Work request: The answer must give back every line of the data exactly, with no pictures.

Provided material:
== == ==

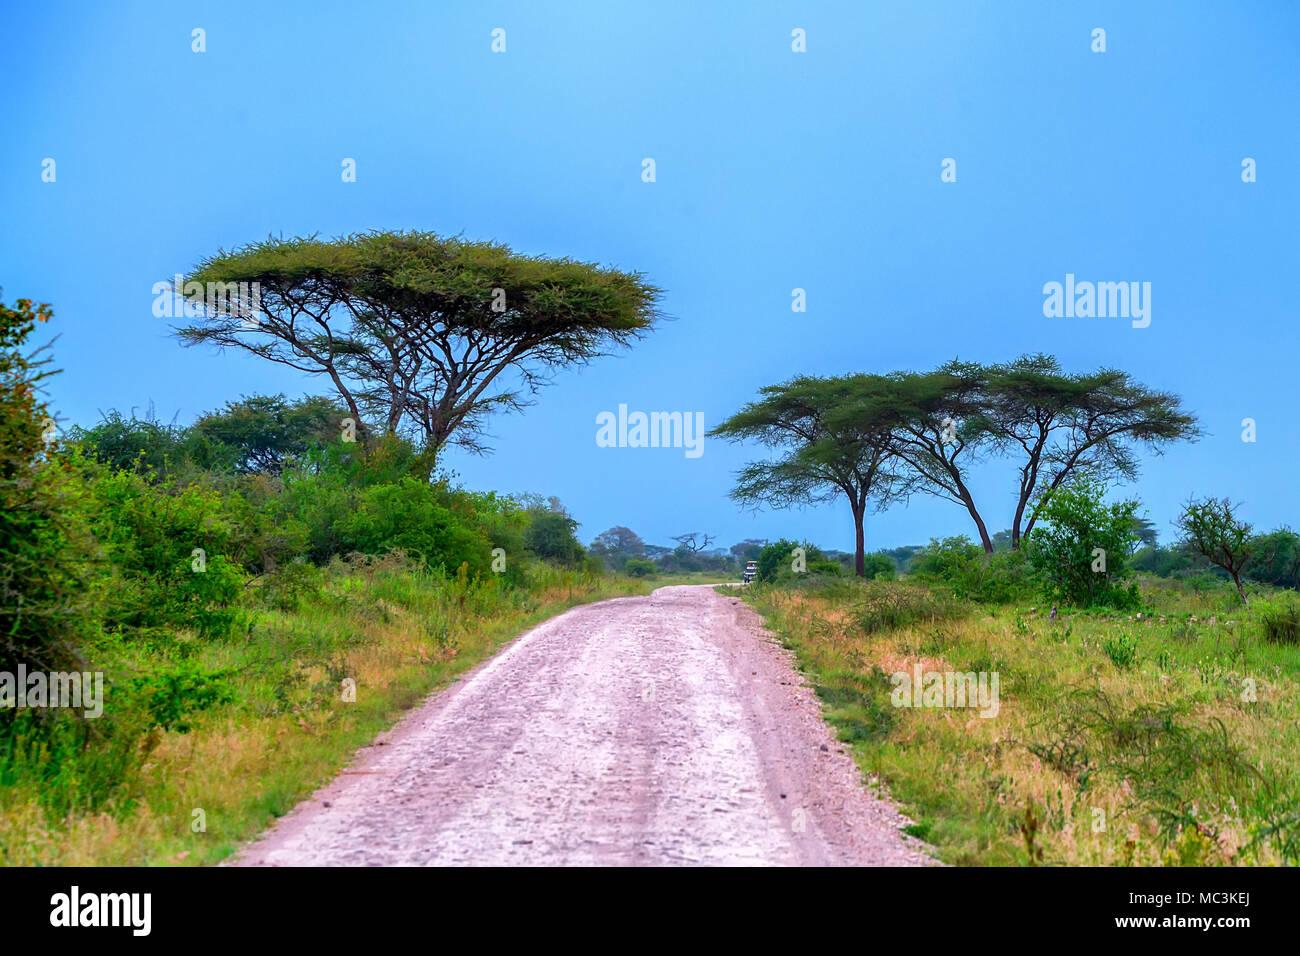 Straße in Afrikanischen malerischen Wald Stockfoto
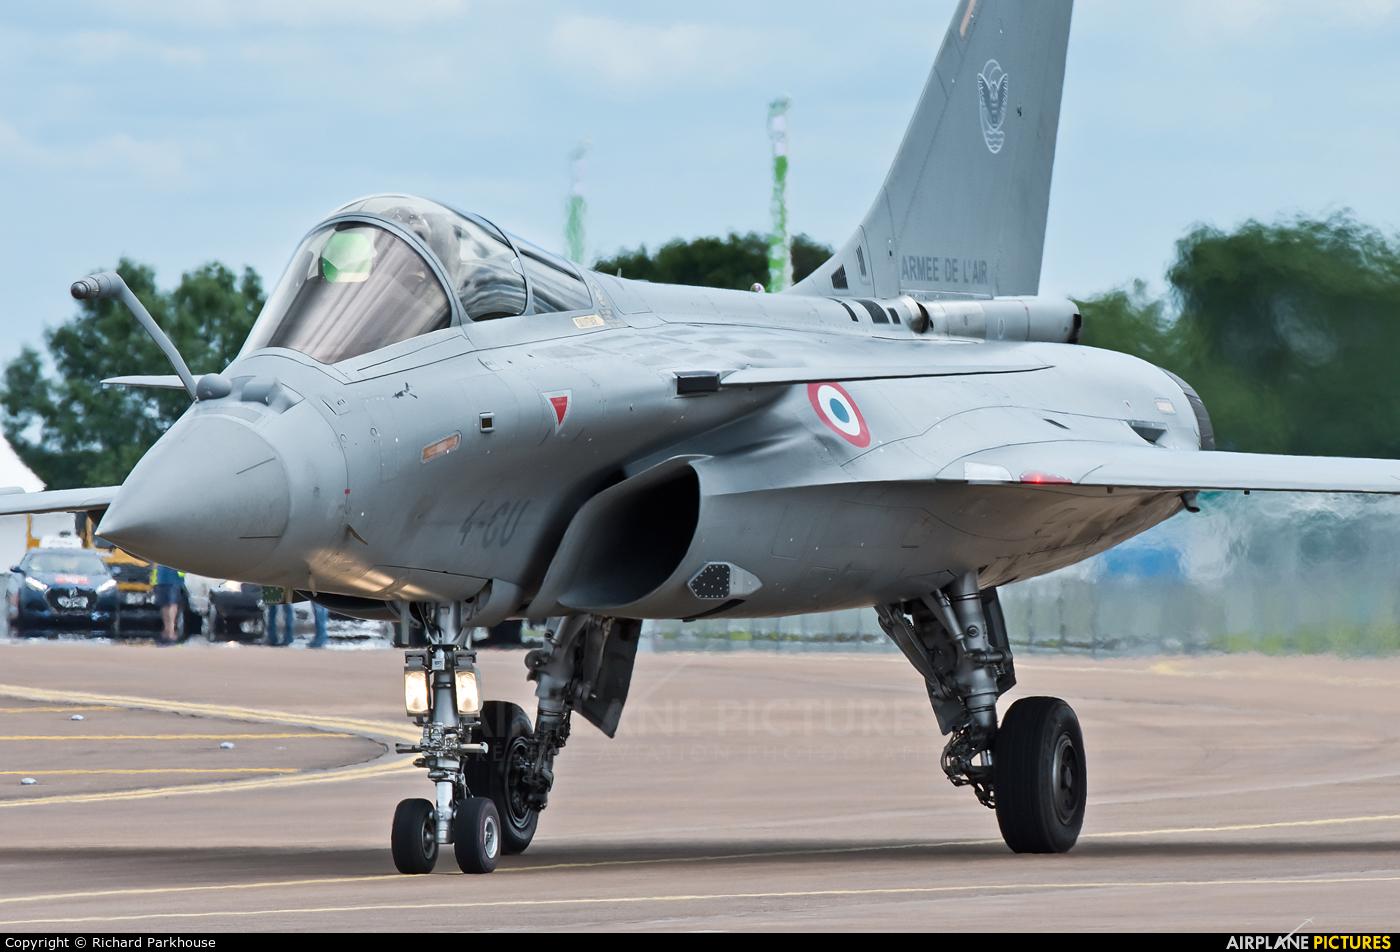 France - Air Force 4-GU aircraft at Fairford
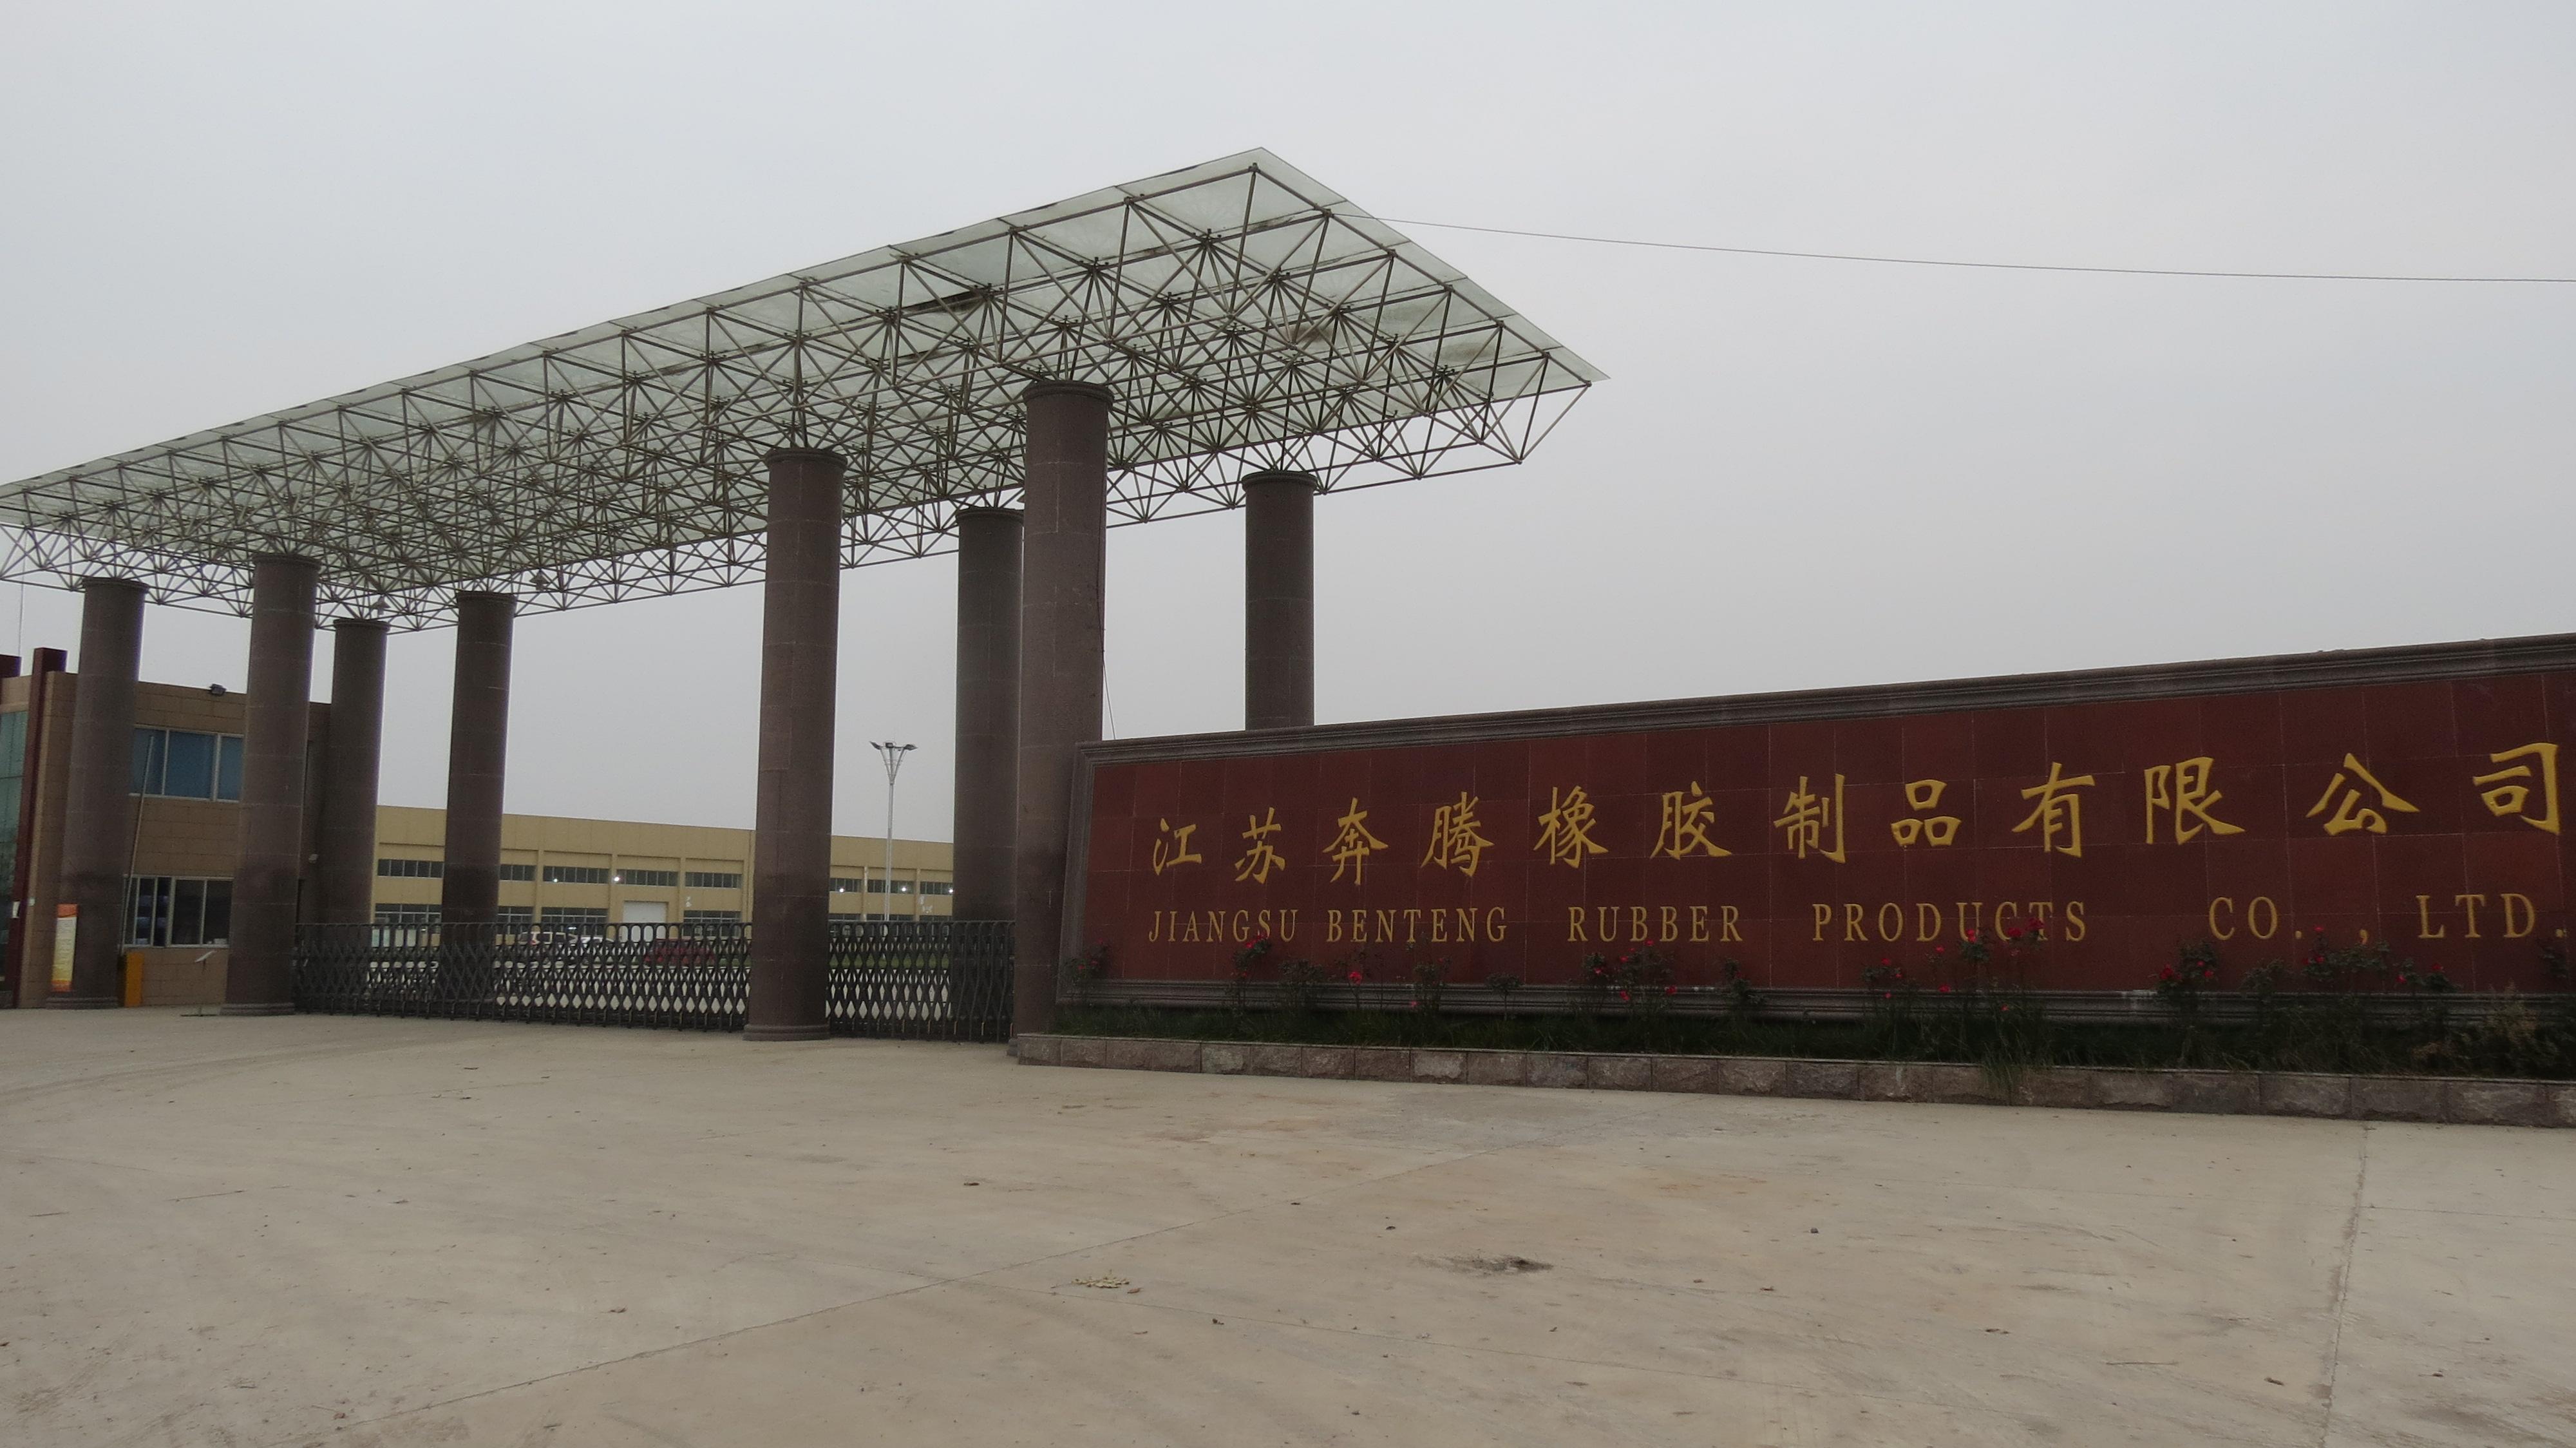 东海经济开发区-江苏奔腾橡胶制品有限公司

== == ==

Answer section:
 Straße in Afrikanischen malerischen Wald Stockfoto
 France - Air Force 4-GU aircraft at Fairford
 东海经济开发区-江苏奔腾橡胶制品有限公司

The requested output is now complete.